#### [GIVEN DATA]
---
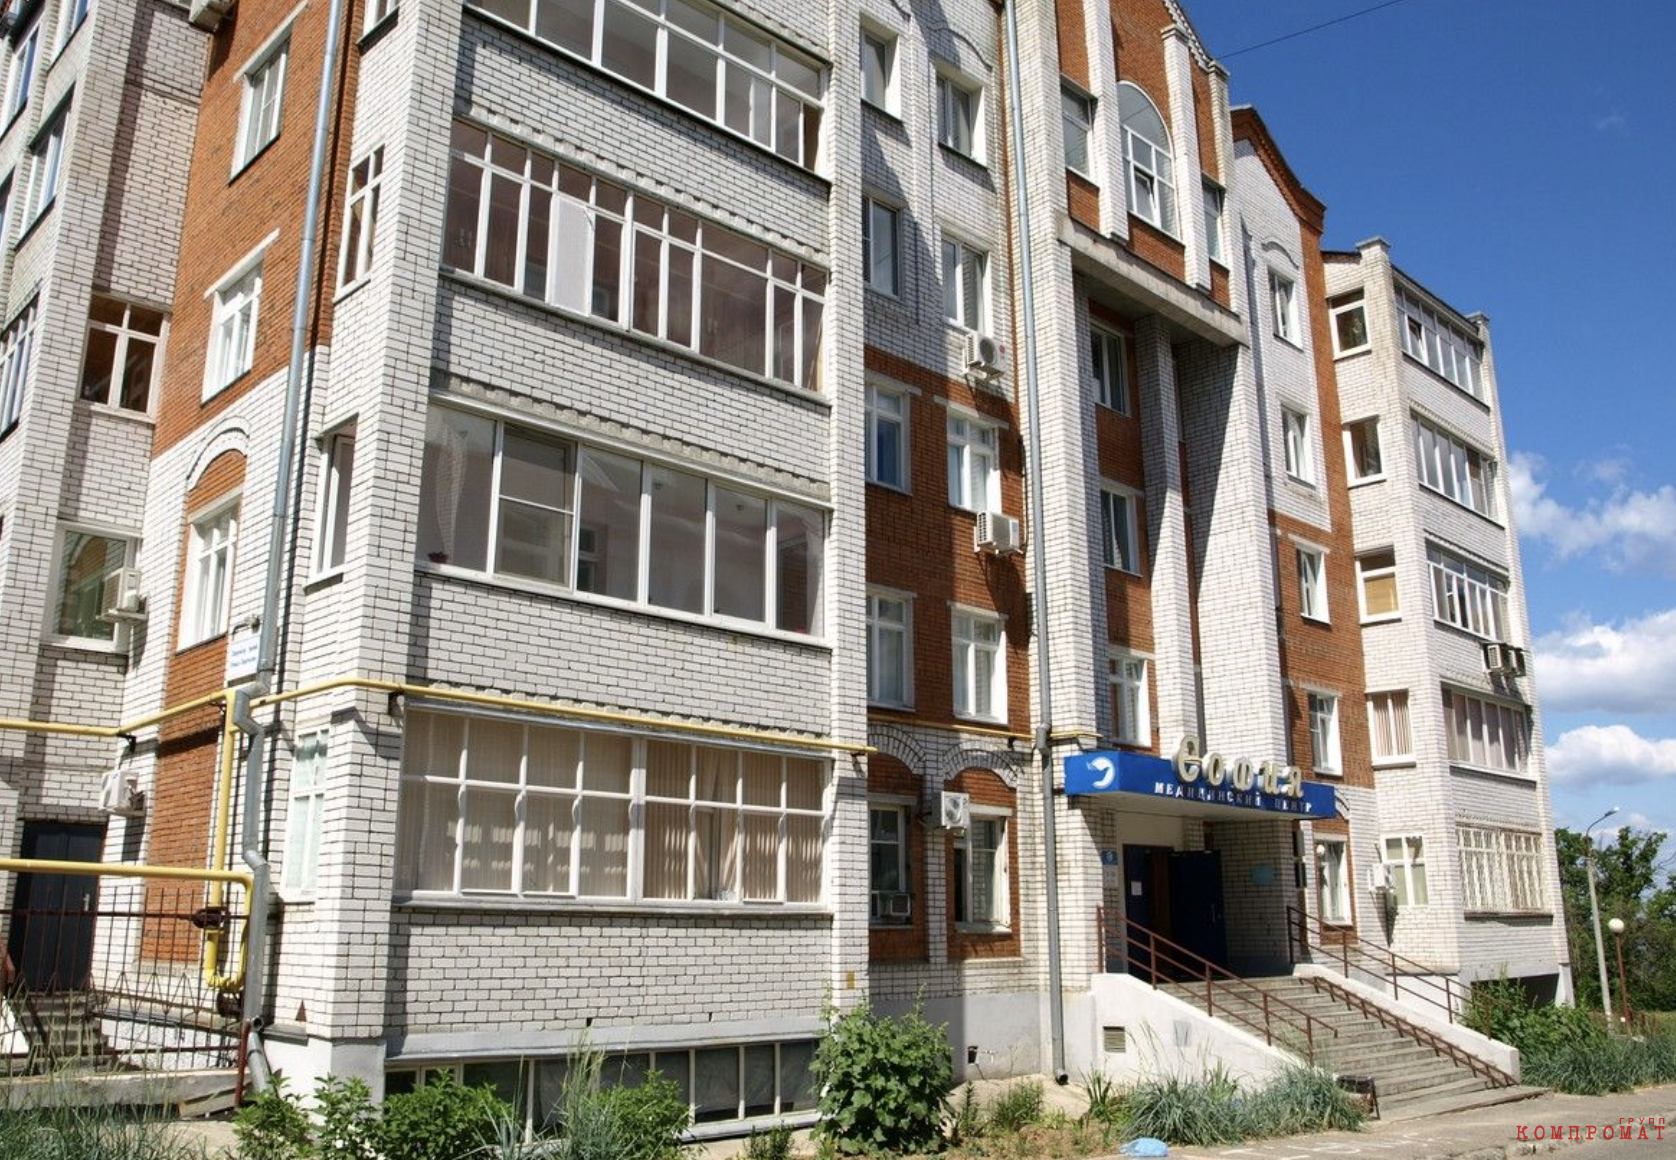 Кирпичная пятиэтажка на улице Никиты Сверчкова в Чебоксарах.
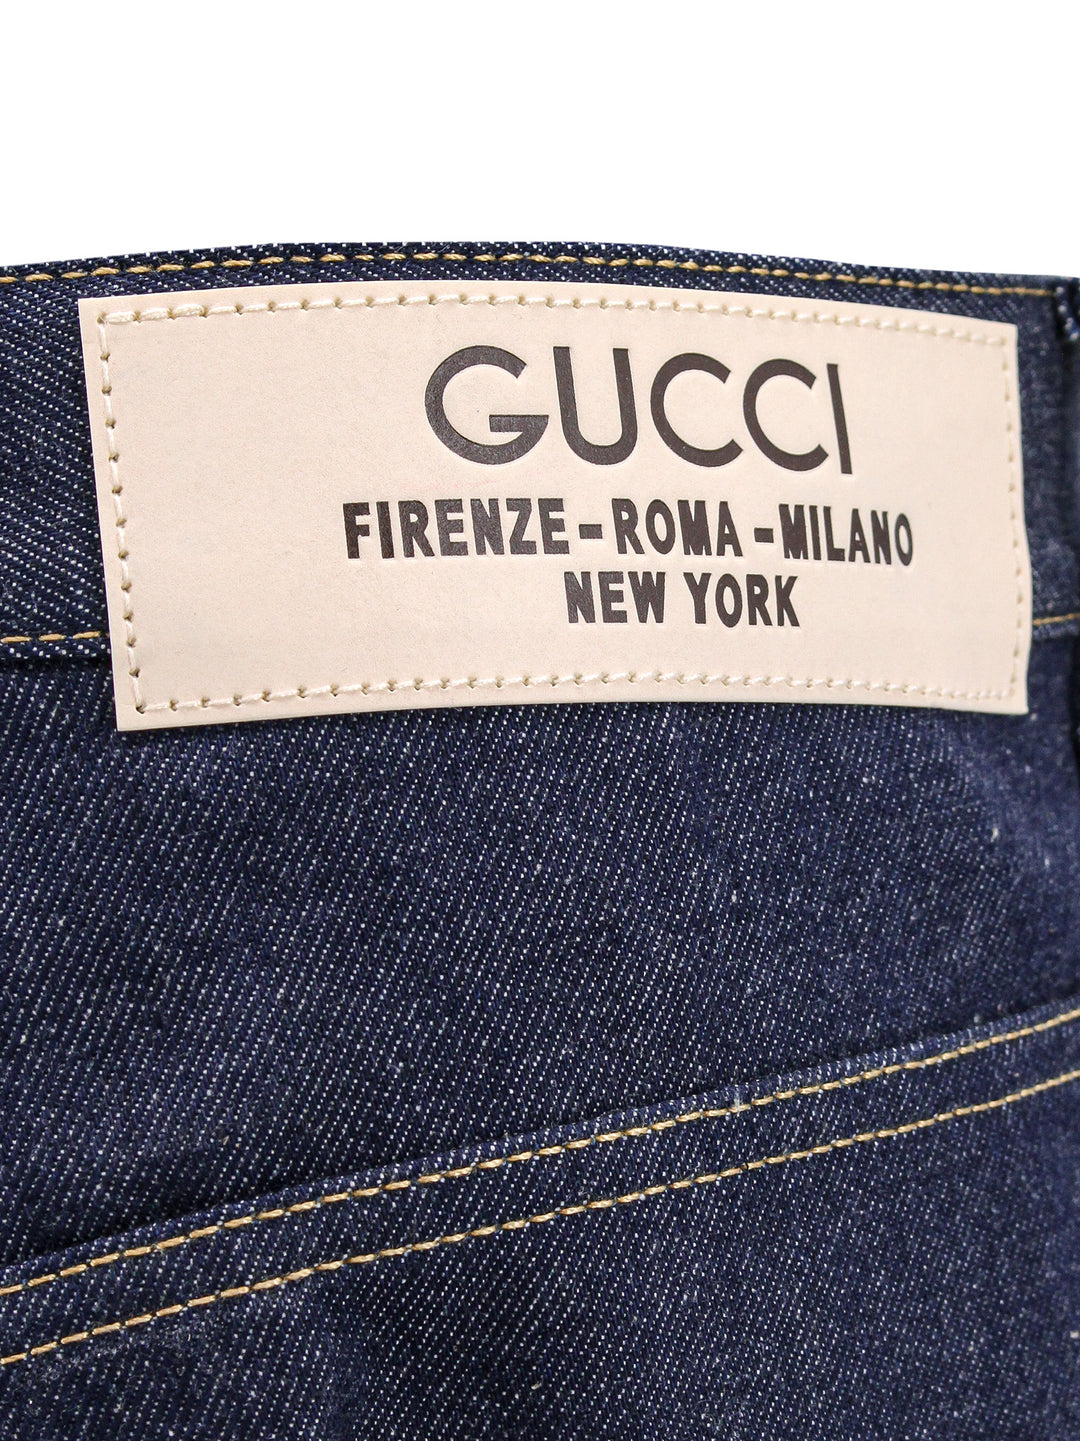 Jeans in cotone con etichetta Gucci City
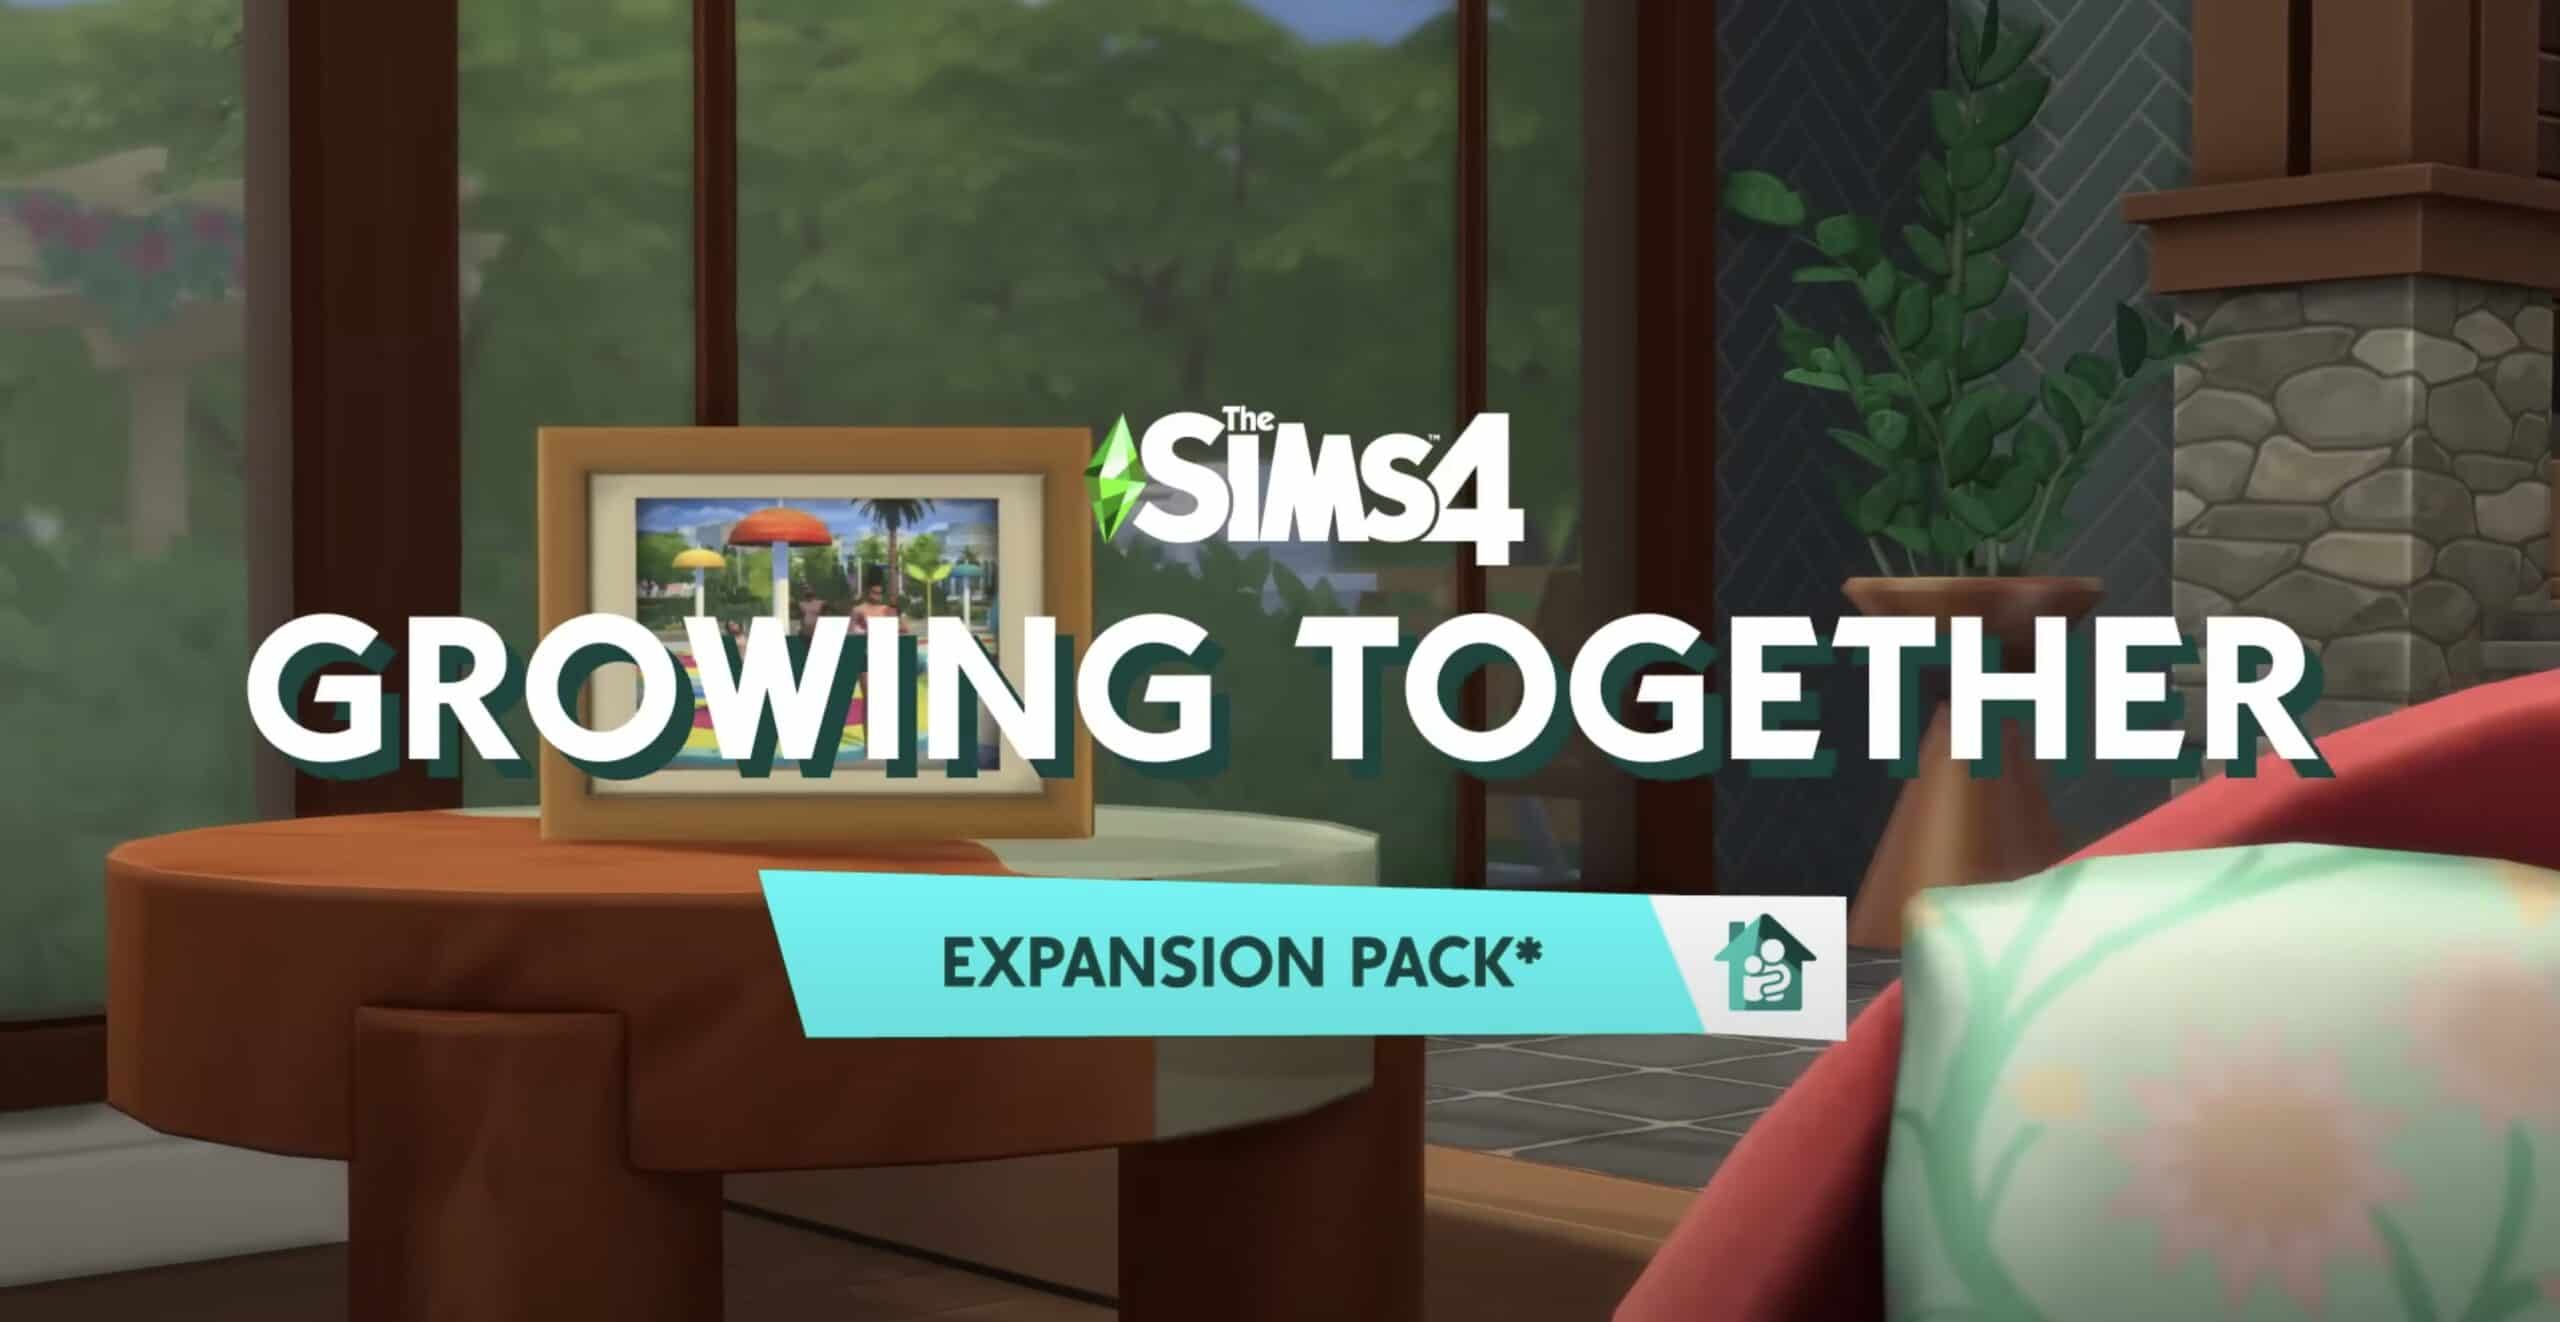 Moschino x Sims Collection Is Peak '00s Nostalgia
---
#### [TASK TO CARRY OUT]
Repeat the material above verbatim, with no pictures in the output.

#### [WRITTEN RESPONSE]
 Кирпичная пятиэтажка на улице Никиты Сверчкова в Чебоксарах.
 Jeans in cotone con etichetta Gucci City
 Moschino x Sims Collection Is Peak '00s Nostalgia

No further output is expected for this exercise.